> _Task prompt_
Reprint the lines below as they are, minus the pictures.

> _Material provided_
■ ■ ■ ■ ■ ■ ■

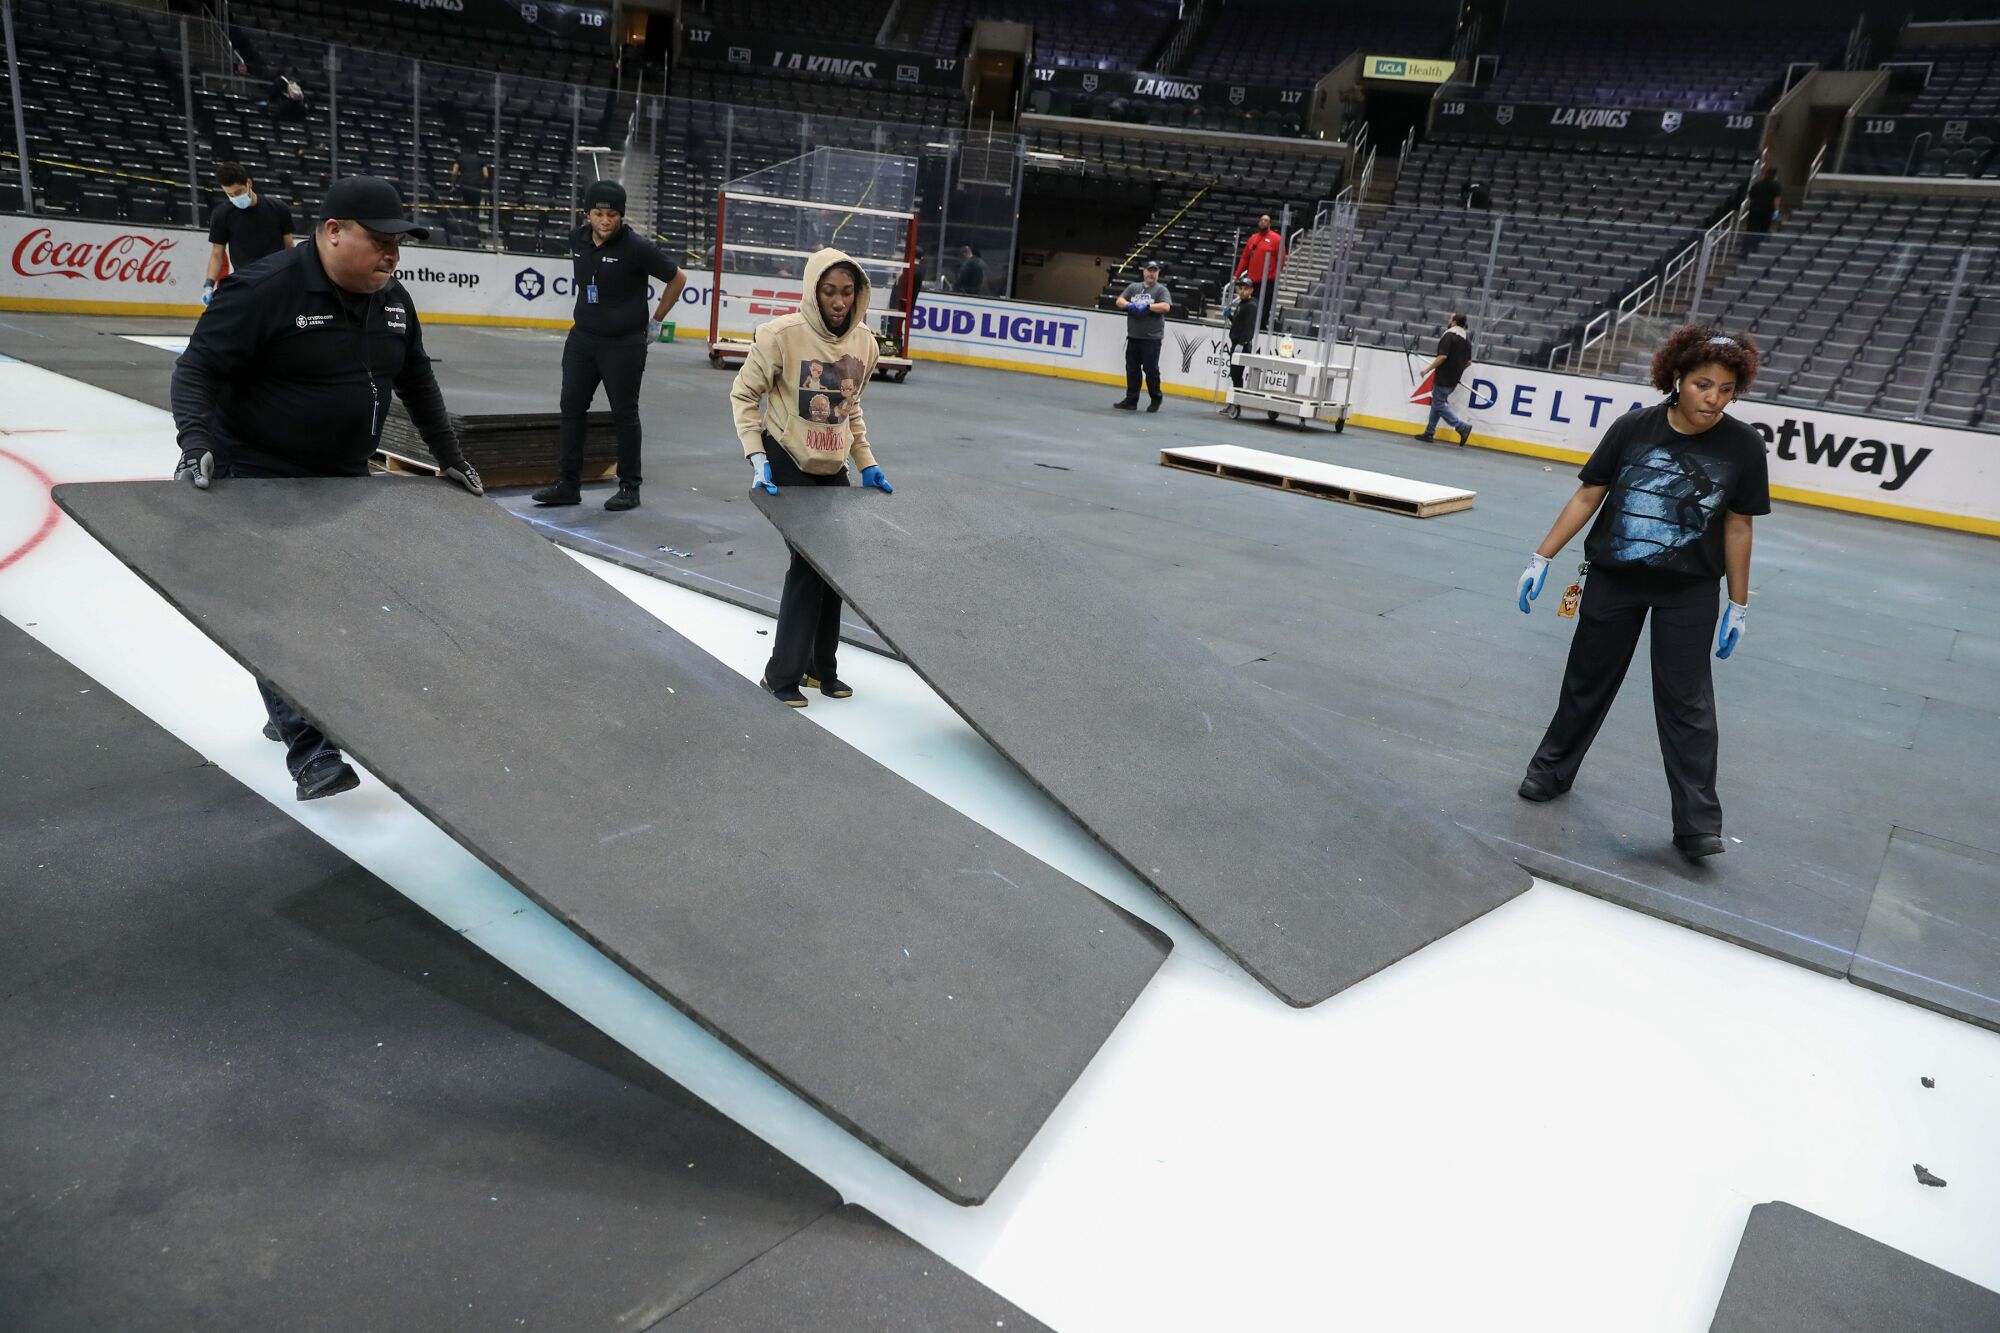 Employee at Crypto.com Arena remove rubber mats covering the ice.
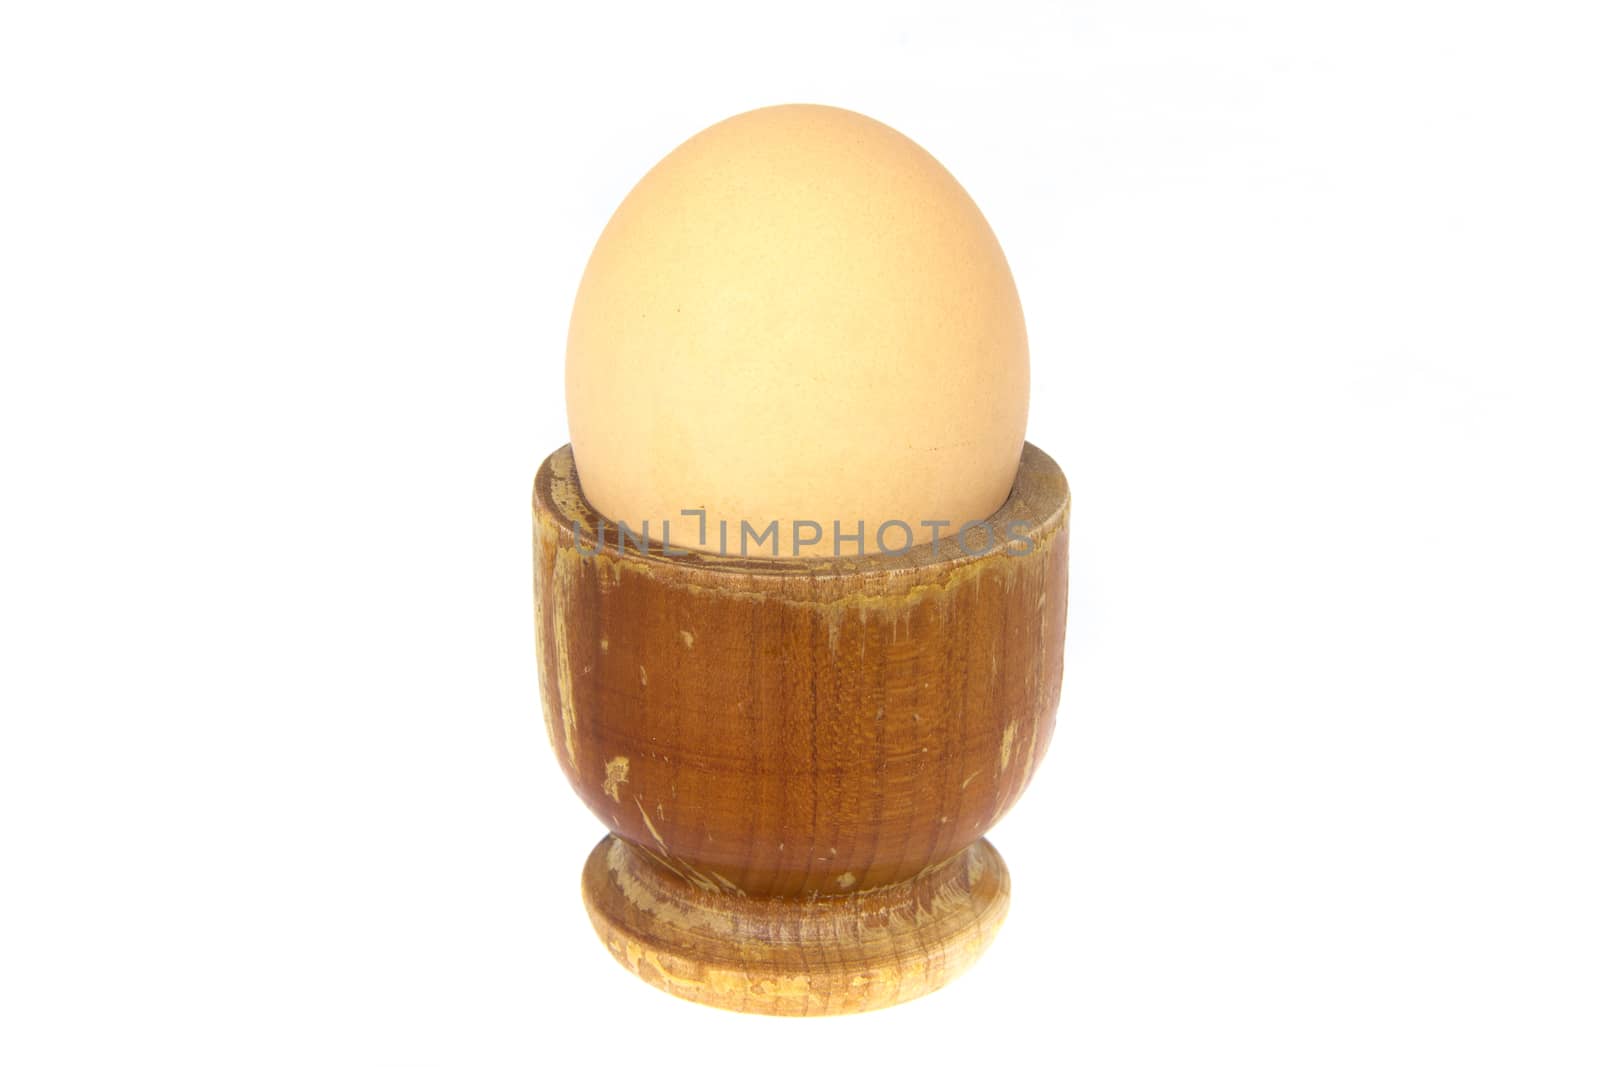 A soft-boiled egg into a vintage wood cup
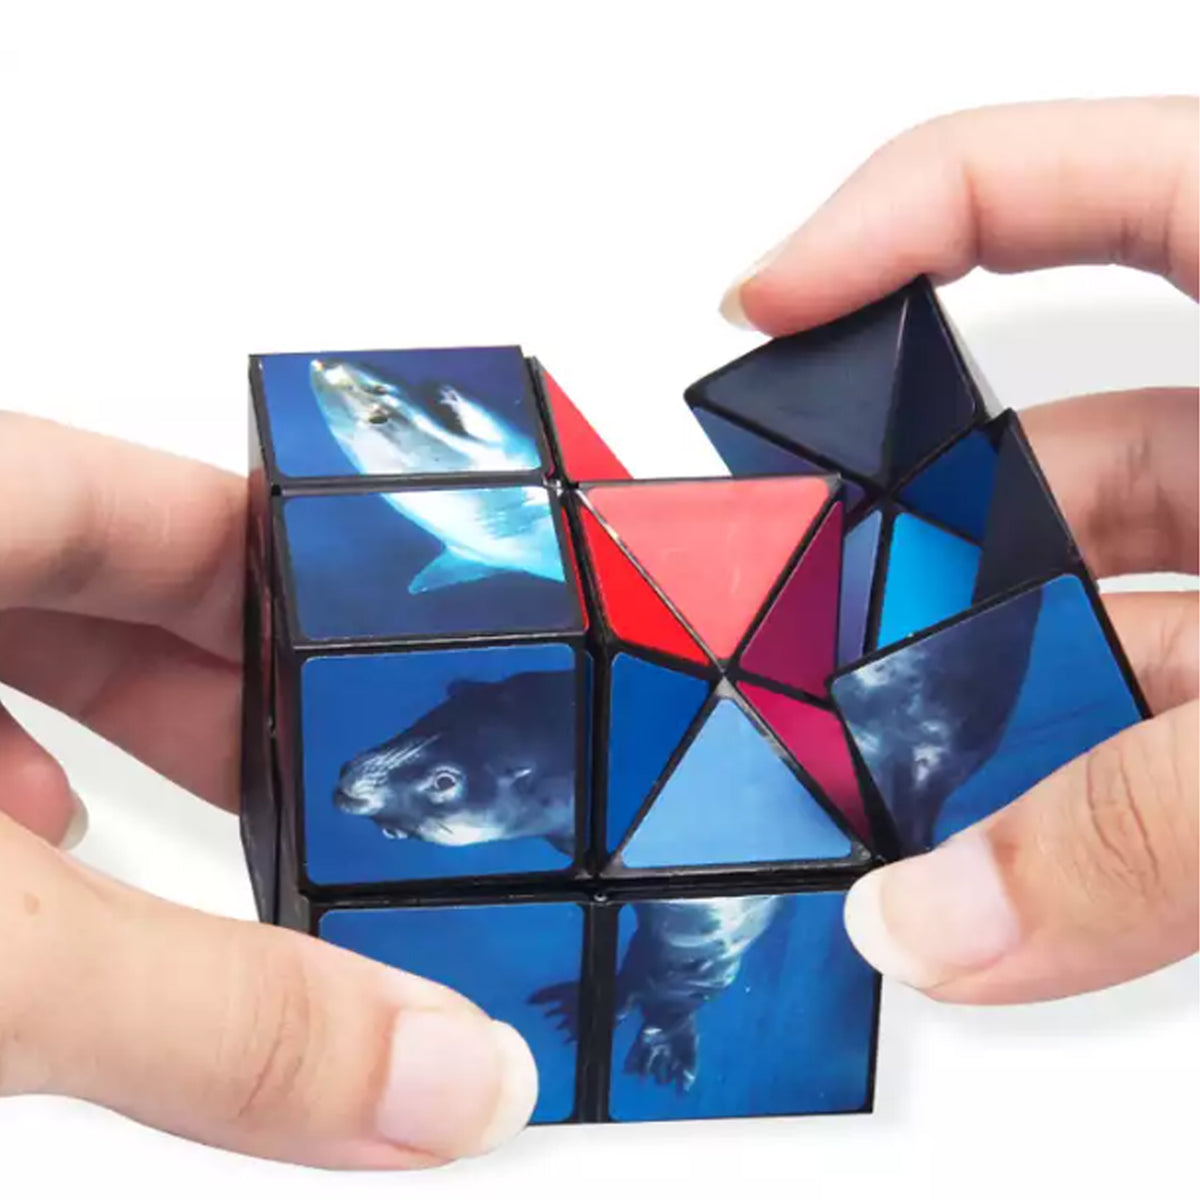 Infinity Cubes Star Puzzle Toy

■ ■ ■ ■ ■ ■ ■

> _Answer box_
 Employee at Crypto.com Arena remove rubber mats covering the ice.
 A soft-boiled egg into a vintage wood cup
 Infinity Cubes Star Puzzle Toy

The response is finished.